= Gabriel Rzączyński =

Gabriel Rzączyński (6 July 1664 – 12 November 1737) was a Polish Jesuit, naturalist, geographer, and writer. He published several works in Latin on the natural history and folklore of Poland.

Rzączyński was born in Podlasie, from a family bearing the Ślepowron coat of arms, and joined the Jesuit order in 1682 and became a grammar teacher from 1687 at Lublin. In 1692 he taught theology at Kraków, still later rhetoric and philosophy at Toruń, Lublin and Poznań, and Łuck. After 1717 he became a prefect of Gdańsk schools and from 1721 rector at Ostrog. Following his wide travels he wrote on the curiosities of natural history in his Historia naturalis curiosa Regni Poloniae, Magni Ducatus Litvaniae, annexarumque provinciarum, in tractatus XX divisa (1721).

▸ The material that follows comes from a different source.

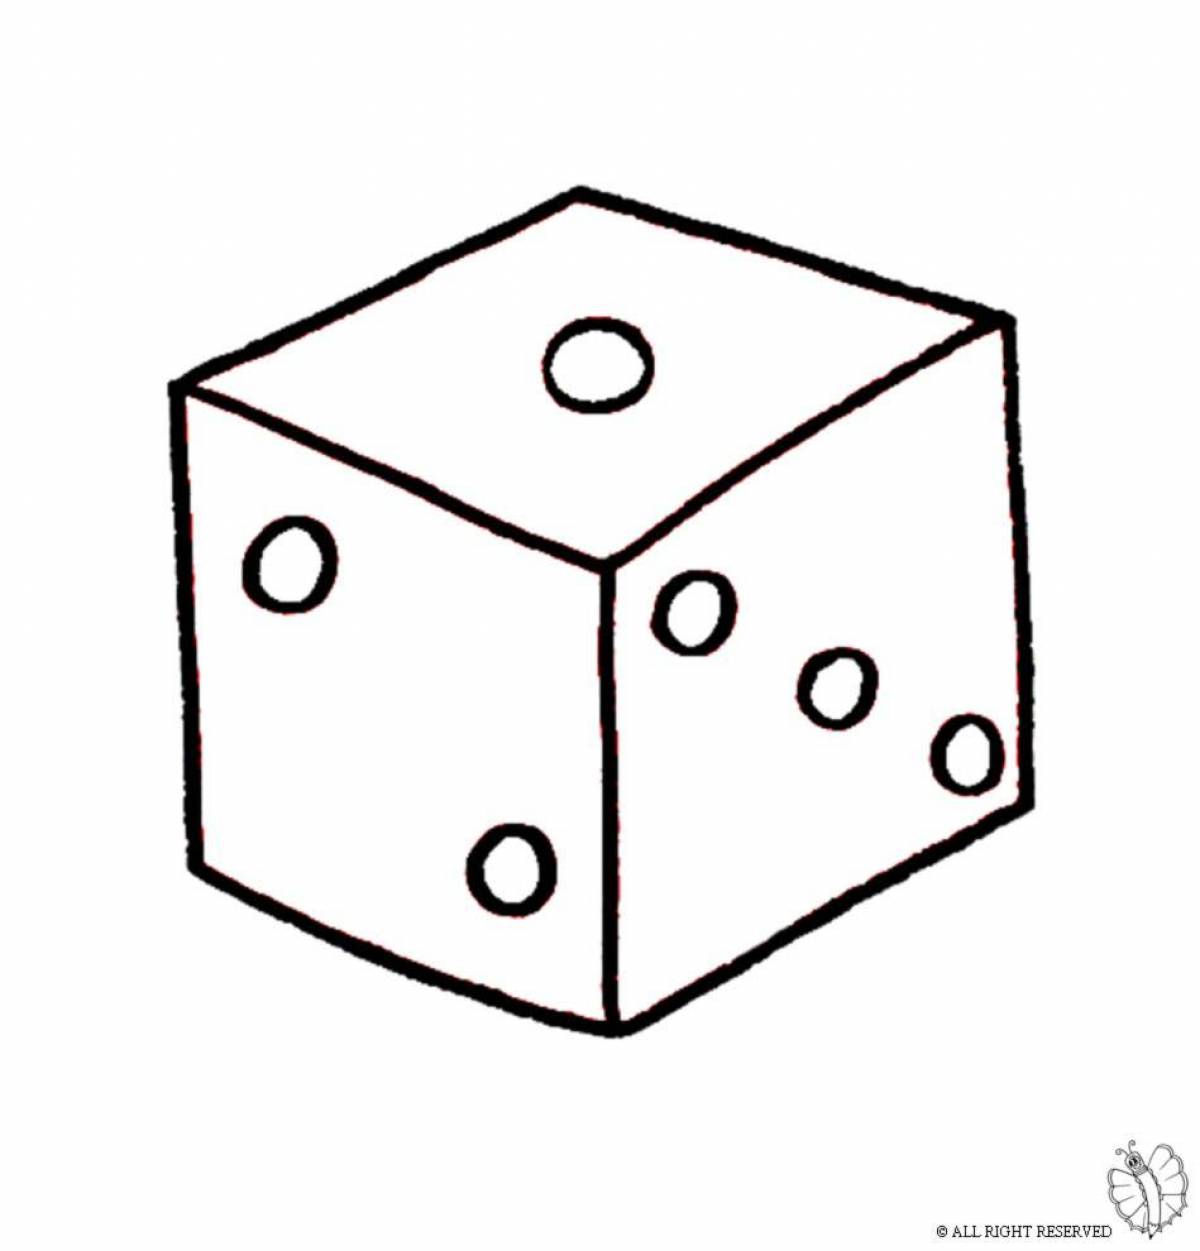 A coloring page for fun cubes

In 1745 was published posthumously his Auctuarium [sic] historiae naturalis curiosae Regni Poloniae, Magni Ducatus Lithvaniae, annexarumque provinciarum, concinnatum. Aside from fauna, flora and geography, he wrote on contemporary myths and beliefs. In his 1721 work, he included descriptions of beliefs in vampires and walking corpses.

Since the late 1710s, Rzączyński collaborated with naturalists from Gdańsk (Germ. Danzig) - Johann Philipp Breyne and Jacob Theodor Klein - providing them, among other things, with natural specimens from the eastern territories of the Polish-Lithuanian Commonwealth.